Wherever a picture appears, leave it out; set down everything else in the records exactly.

— Extracted data —
········

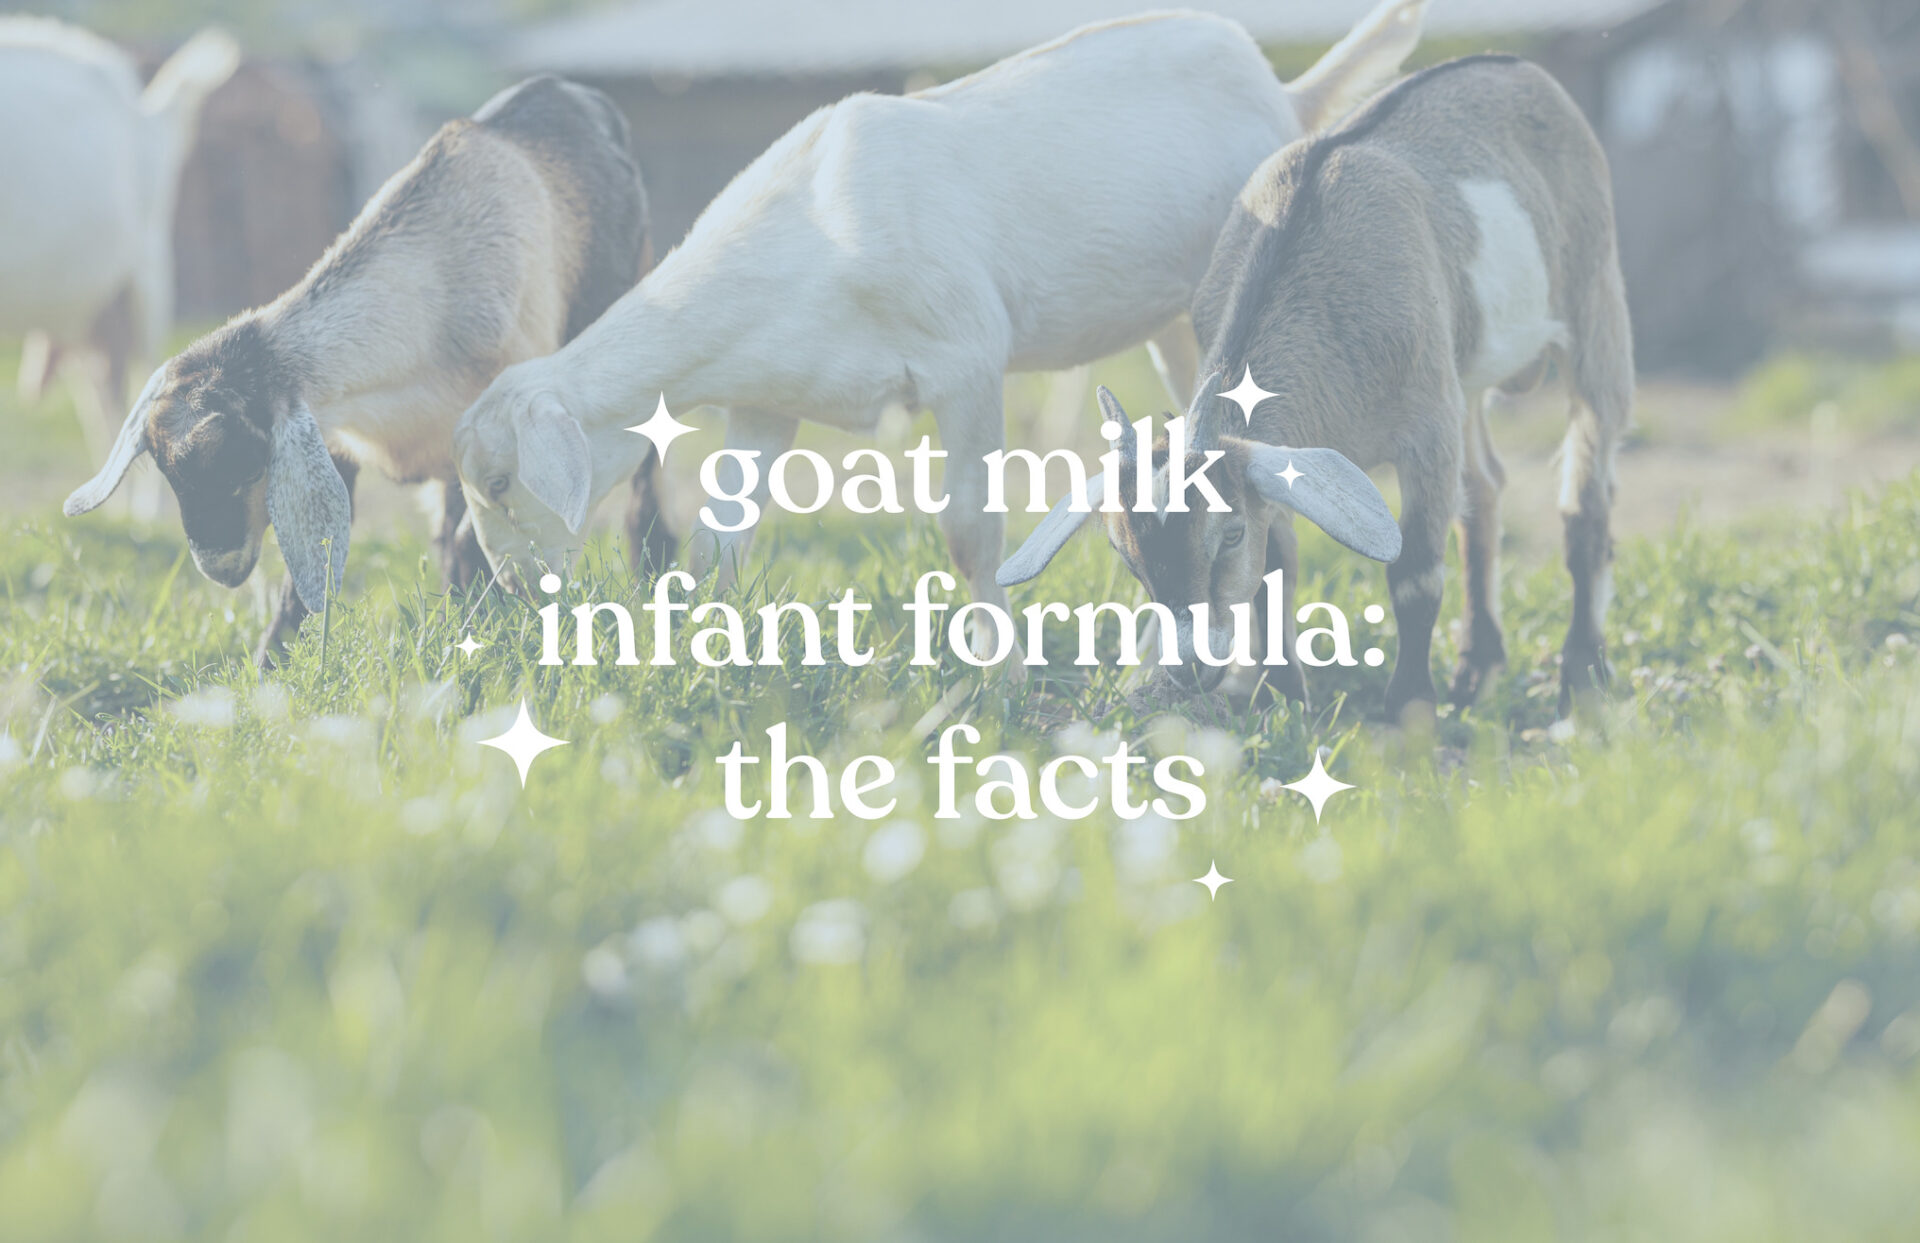 Digestive benefits of goat milk infant formula
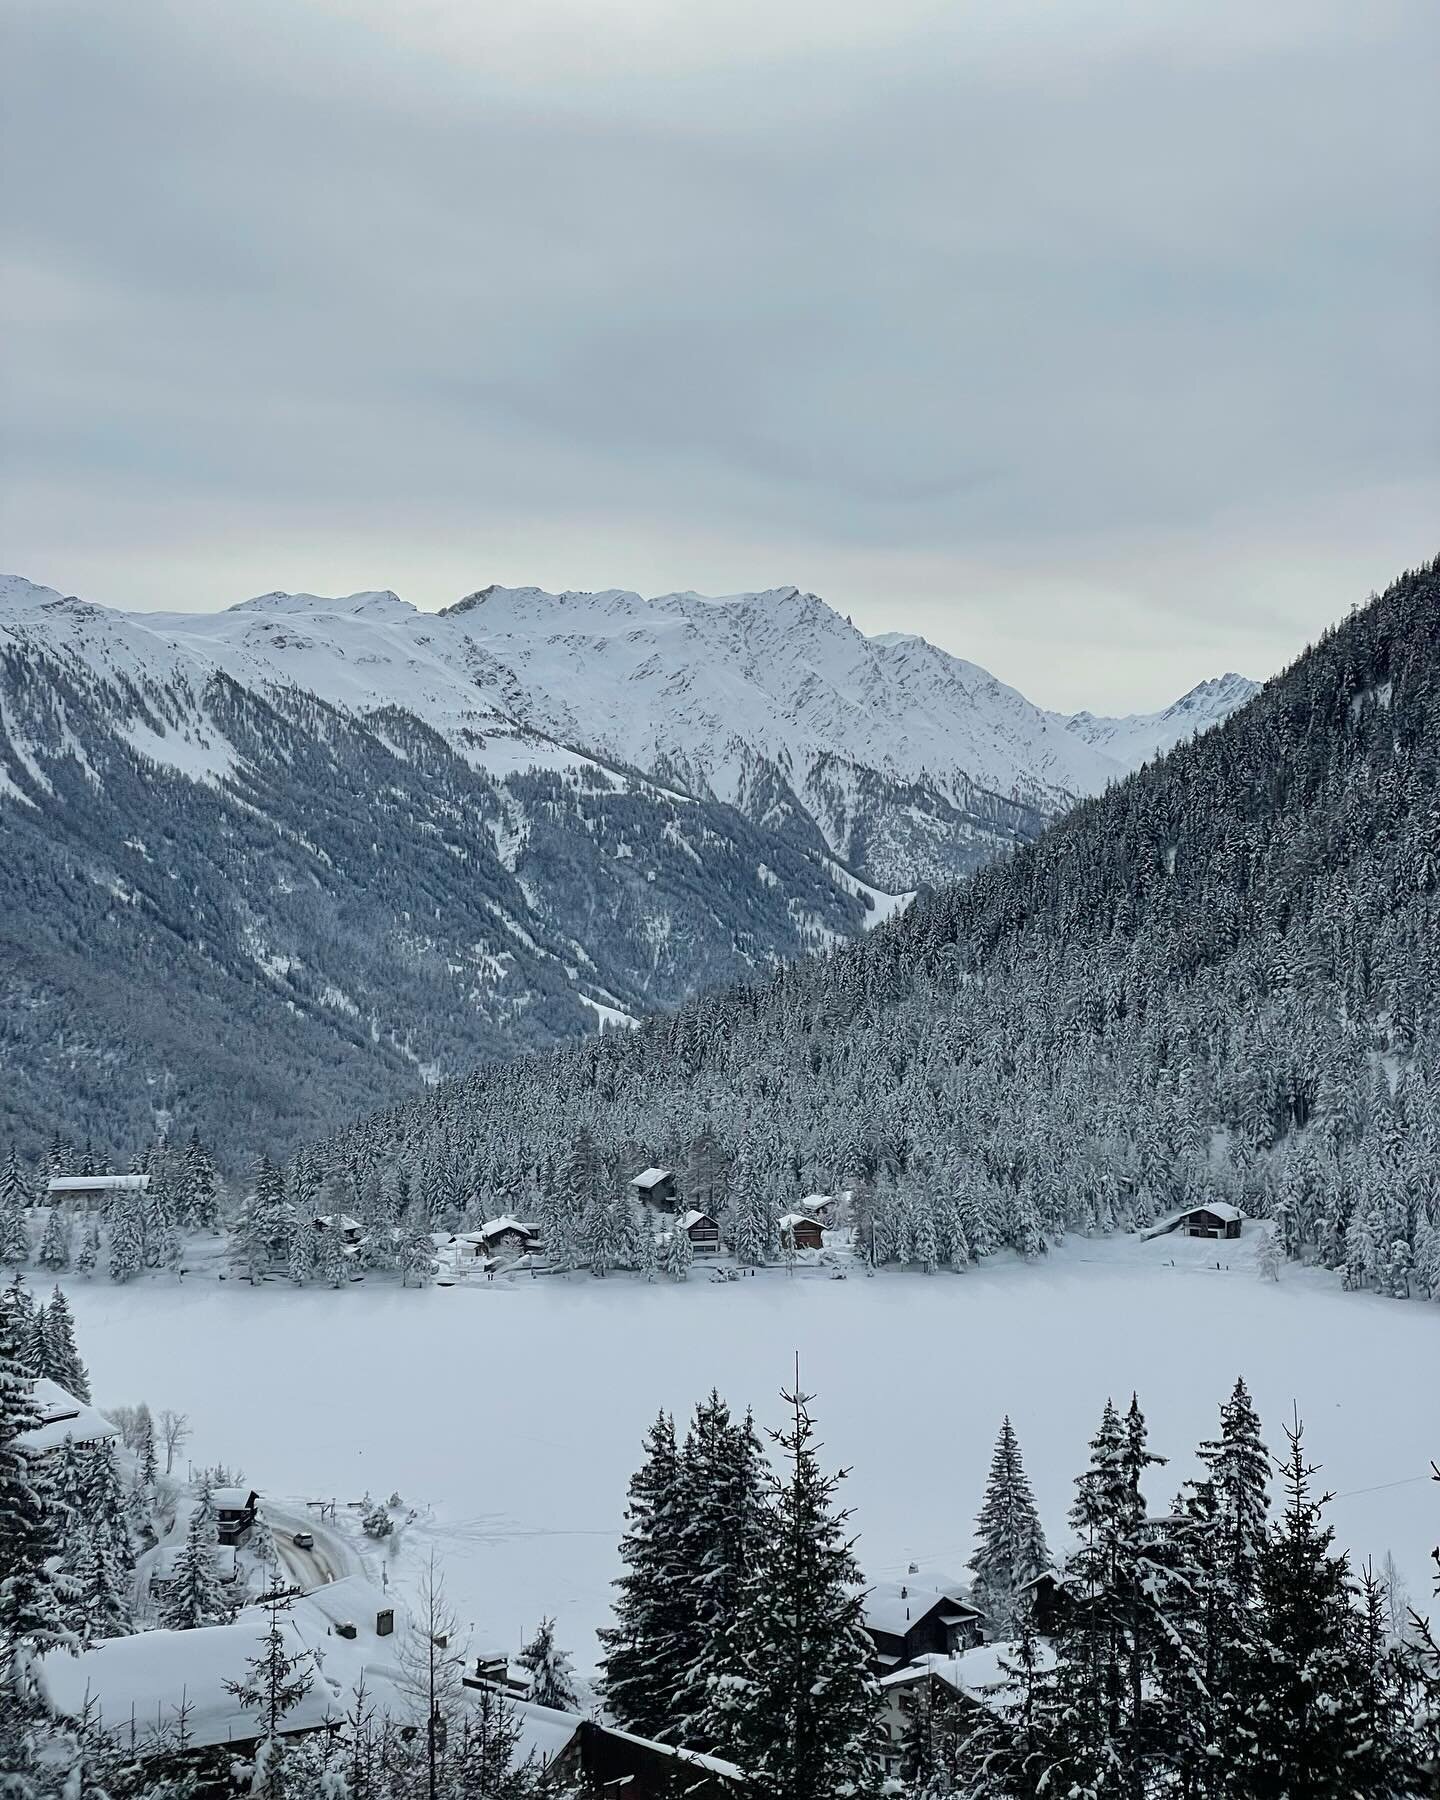 Favorite alpine village 💙
.
.
.
.
#magicalmoments #wintermood #frozenlake #monhiverenvalais #valaisgravedansmoncoeur #switzerlandwonderland #alpinelakes #lasuisse #alpinevillage #mountaintown #lakesandmountains #alpineliving #mountainlifestyle #moun

········

— Task answer —
 Digestive benefits of goat milk infant formula
 Favorite alpine village 💙
.
.
.
.
#magicalmoments #wintermood #frozenlake #monhiverenvalais #valaisgravedansmoncoeur #switzerlandwonderland #alpinelakes #lasuisse #alpinevillage #mountaintown #lakesandmountains #alpineliving #mountainlifestyle #moun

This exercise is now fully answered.